The most honest interpretation: CEO pay is a trailing indicator, not a leading one. Boards pay for complexity, market position, and accumulated tenure—factors correlated with institutional success but not causally linked to future growth. A board that raises CEO pay expecting mechanical growth improvement will likely be disappointed.
The Board's Dilemma
Compensation committees face an uncomfortable truth: paying more doesn't guarantee better outcomes. The data supports competitive pay to attract and retain talent, but not the assumption that adding $500,000 to a CEO's package will add 50 basis points to growth. Focus instead on executive team depth, CFO capability, and tenure stability—factors with stronger correlations to performance.
What This Means for Members
Credit union members are ultimately owners. When a CEO earns $8 million while delivering 31 percent growth, members should ask whether that compensation reflects value creation or institutional inertia. When a CEO earns $3 million and delivers 269 percent growth, members benefit directly from effective leadership at reasonable cost.
The analysis doesn't suggest that CEOs should work for peanuts. Top-quartile pay correlates with top-quartile growth, on average. But the variance within quartiles exceeds the variance between them. Outstanding performance comes at all compensation levels; disappointing performance does too.
For members evaluating their credit union's leadership, the lesson is to look beyond headline compensation. Ask about tenure stability. Ask about executive team depth. Ask whether the CFO position is filled. These factors predict growth as well as or better than CEO pay—and they're the factors that boards can directly influence.
The Bottom Line
State credit unions paying top-quartile CEO compensation grew 53 percentage points faster than bottom-quartile institutions over the past decade—145 percent versus 92 percent. That gap is meaningful. But the weak statistical correlation (0.134) means compensation explains almost none of the variance in individual outcomes.
The highest-paid CEO delivered below-median growth. A CEO earning less than 40 percent of that figure delivered the best growth in the dataset.
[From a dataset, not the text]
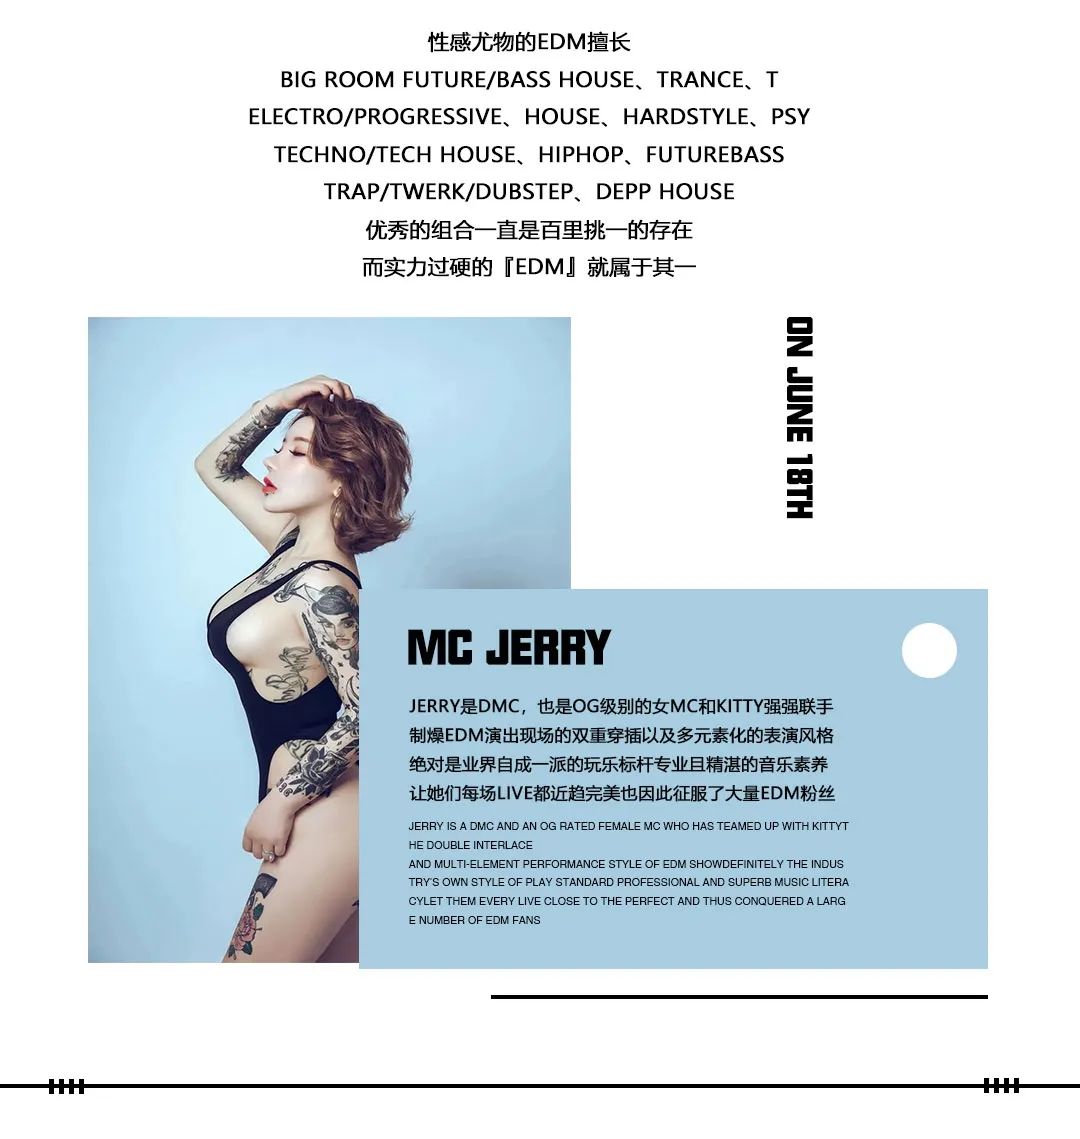 CLUB MAX YANJIAO︱06.18 不凡EDM夜晚 DJ KITTY & MC JERRY 来啦！-廊坊MAX酒吧/CLUB

Executive team depth and CFO presence correlate more strongly with performance than CEO pay alone. And long-tenured leaders consistently outperform.
For boards, the implication is clear: pay competitively to attract talent, but don't expect dollars to mechanically produce results. Build deep executive teams. Retain effective leaders. And recognize that the CEO earning $800,000 who stays for 15 years may create more member value than the $2 million executive who departs after four.
As credit unions face sustained margin pressure, regulatory scrutiny, and an aging executive cohort, the distinction between compensation as reward and compensation as strategy will only become more important.
Methodology
Finleet Intelligence analyzed IRS Form 990 filings (2013-2023 tax years) for 1,670 state-chartered credit unions, matched with NCUA 5300 Call Reports (Q4 2014 through Q4 2024). Final sample includes 602 credit unions with complete 10-year growth data and CEO compensation of at least $250,000. CEO compensation defined as reportable compensation plus other compensation from Form 990 Part VII Section A. Growth calculated as (2024 value - 2014 value) / 2014 value. Correlations computed using Pearson coefficient.
Data Sources: IRS Form 990 filings (2013-2023), NCUA 5300 Call Reports (2014-2024), Finleet Proprietary Analysis
Limitations: IRS Form 990 required only for state-chartered credit unions; federally-chartered institutions excluded. Compensation includes deferred pay and retirement benefits, creating year-to-year volatility. Growth metrics combine organic performance with acquisitions.
Update Schedule: Analysis will refresh when 2024 IRS Form 990 filings become available (expected Q3 2025).